Faith schools have long faced an onslaught of attention from secular society. In recent weeks an investigation by The Times has given London’s “inadequate” Orthodox Jewish schools, in particular, their fifteen minutes of infamy.
Certainly, many faith or unregistered schools have genuine deficiencies, and there are plenty of Haredi schools failing to ensure their pupils gain the basic skills mandated by the National Curriculum. Where this is the case, action is justified. However, it is inappropriate for the state to penalise faith schools -Haredi or otherwise – for not parroting mainstream cultural beliefs. In 2021 Talmud Torah Machzikei Hadass boys’ school was rated “inadequate” by Ofsted for not teaching students about same-sex relationships or gender reassignment surgeries. Scores of other faith schools have routinely fallen foul of the same guidelines.
This ebb and flow of hostilities could dramatically ramp up if Labour is victorious at next year’s polls. This is not to suggest the current government’s approach has been palatable, but that the opposition’s current plans to abolish tax relief for independent schools and ramp up equalities legislation could disproportionately take a hit to many faith schools at a time of existing economic malaise and societal hostility. There is also the possibility that Labour would be keen to clamp down on homeschooling, a move the Conservatives have already attempted.
Where poor teaching and abuse are taking place, of course, there is much room for improvement, as Eli Spitzer, headteacher of Headmaster at Tiferes Shlomo Boys’ School admitted in response to The Times’ lengthy investigation.
However, this does not negate the argument that the state should not be in the business of forcing its moral agenda onto faith groups keen to preserve their own communities and beliefs. No one is forcing parents to send their children to religious schools. In fact, the opposite is usually the case, as the bulging waiting lists for The Oratory School and Yavneh College would suggest.

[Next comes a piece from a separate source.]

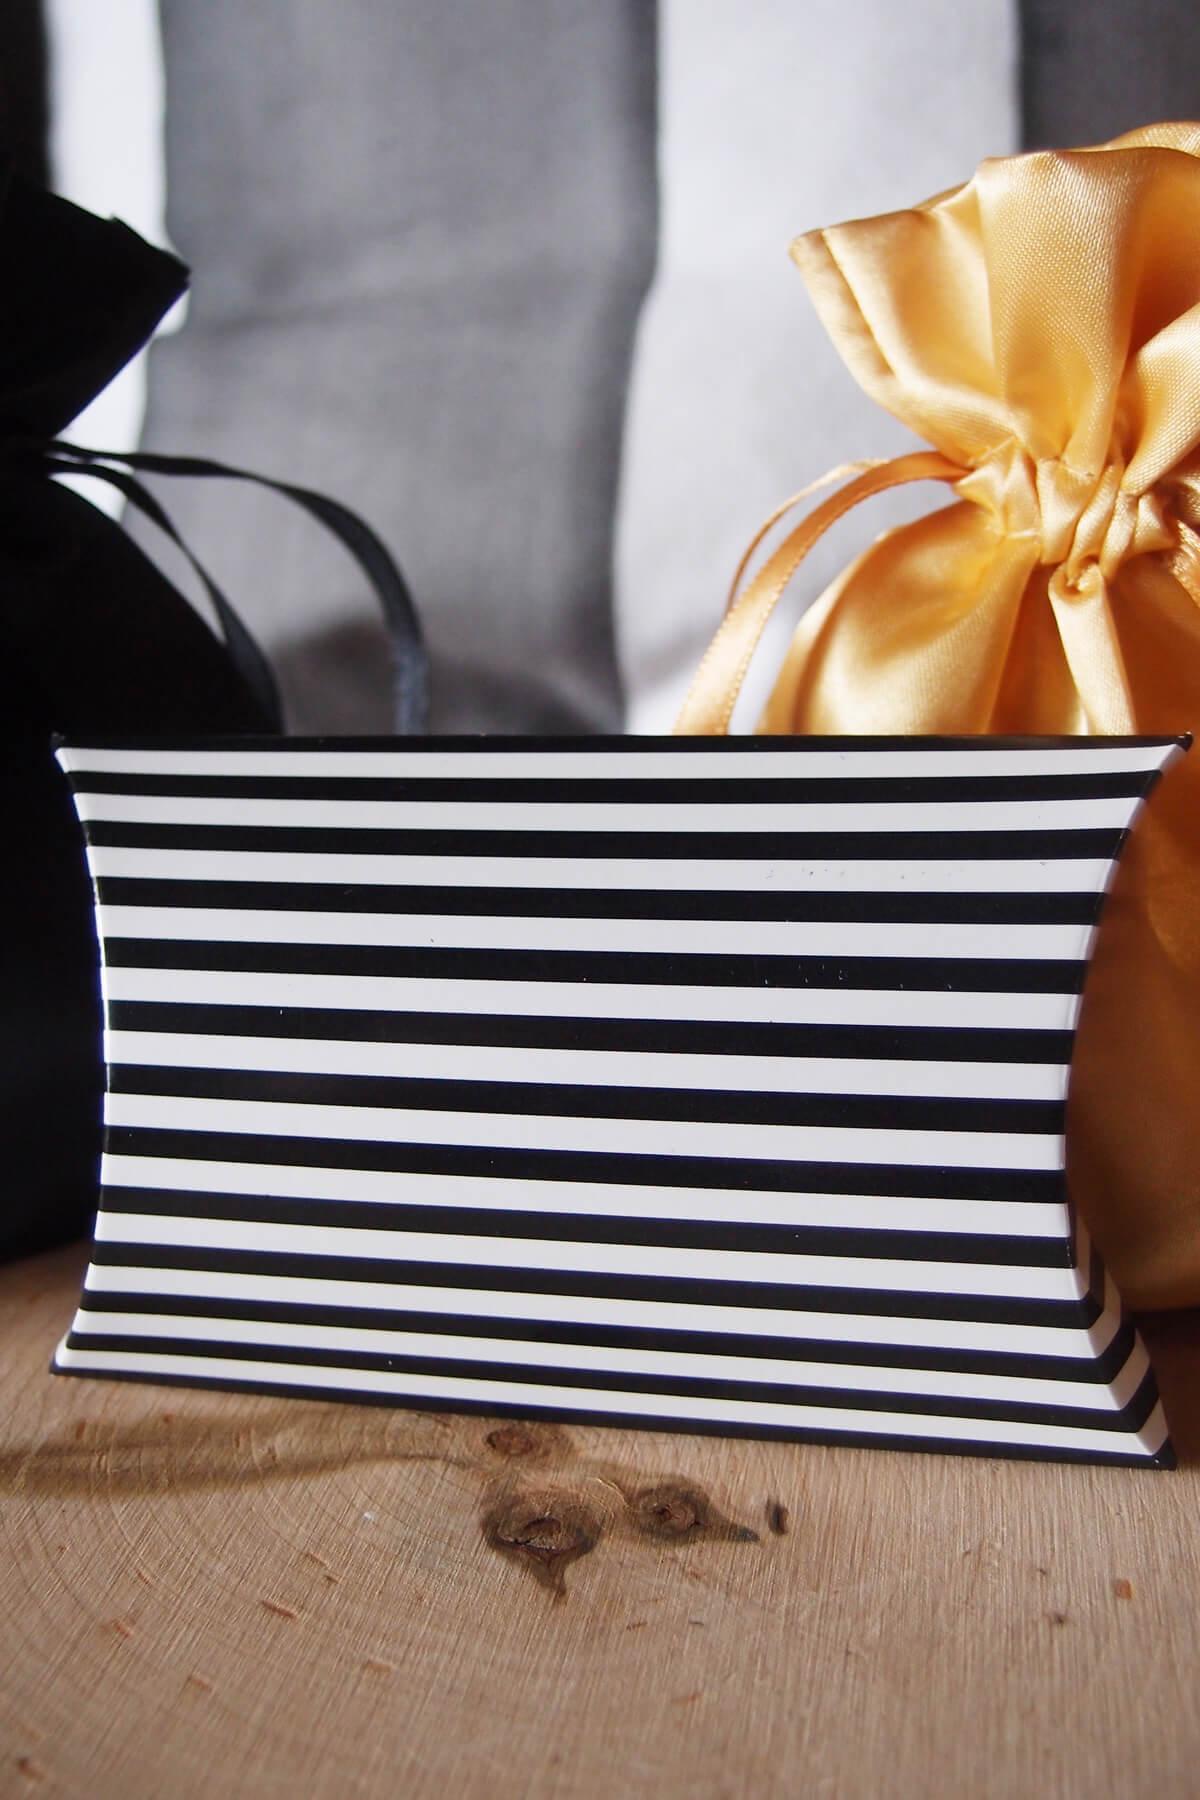 12 Black  White Striped Pillow Favor Boxes

The political settlement of religious freedoms is constantly shifting, as the recent outlawing of peaceful demonstrations near abortion facilities proves. While there is no existential threat to the existence of faith schools, there are no doubt radical activists keen to consign them (like the grammars and direct-grant schools of days gone by) to the dustbin of history in the name of progress. The opposing case must continue to be made afresh – lest we tiptoe into catastrophe.
Some independent faith schools such as The School of the Islamic Republic of Iran, where pupils were filmed chanting antisemitic songs, have proved themselves an overt national security risk. Others cross the line from discernment into hatred: take the Abu Bakr Trust, which runs three schools and a nursery in the West Midlands and was revealed to have described gay people as “evil” via social media.
Such statements violate both Christianity’s concept of imago dei and Judaism’s tzelem elohim, which categorise all human beings as equal due to each of them being made in the image of God. This is not the same as a school seeking to explain and defend its values. Nor do such incidents characterise religious schooling on the whole.
One might struggle to count on one hand the number of mainstream British schools that can boast of Year-Seven children’s proficiency in four languages, or even their native one. Yet, scores of “backward” Haredi schools manage to give their students grounding in English, Hebrew, Yiddish and Aramaic. Meanwhile, in mainstream British education, a third of pupils are left functionally illiterate.
Where Haredi schools are adequate, their curriculum often ensures students can comprehend and interpret complex texts with huge religious and historic significance, a count on which state schools have failed for decades. They should not be judged on how many sixth-formers they send to Oxbridge, or how many sex-education assemblies they hold, because this is not the purpose they were set up to fulfil.
Ragging on religion is of course far easier than exploring why successive British governments took a sledgehammer to our schooling system, and why unprecedented access to information has corresponded with a decline in social mobility.
Those keen to stereotype and crush the freedoms of religious communities are blind to their own insularity. Religious schools are well within their rights to reject academic fads which so often sow the very seeds of the narrow-minded hatred that their detractors accuse them of. The materialist mind cannot conceive that parents might send their child to a faith school for anything but reasons of nefarious control.
In Mr Spitzer’s words, those keen for religious schools to improve don’t have to approve of his community’s way of life, but, “if they wish to succeed, they do have to understand it”.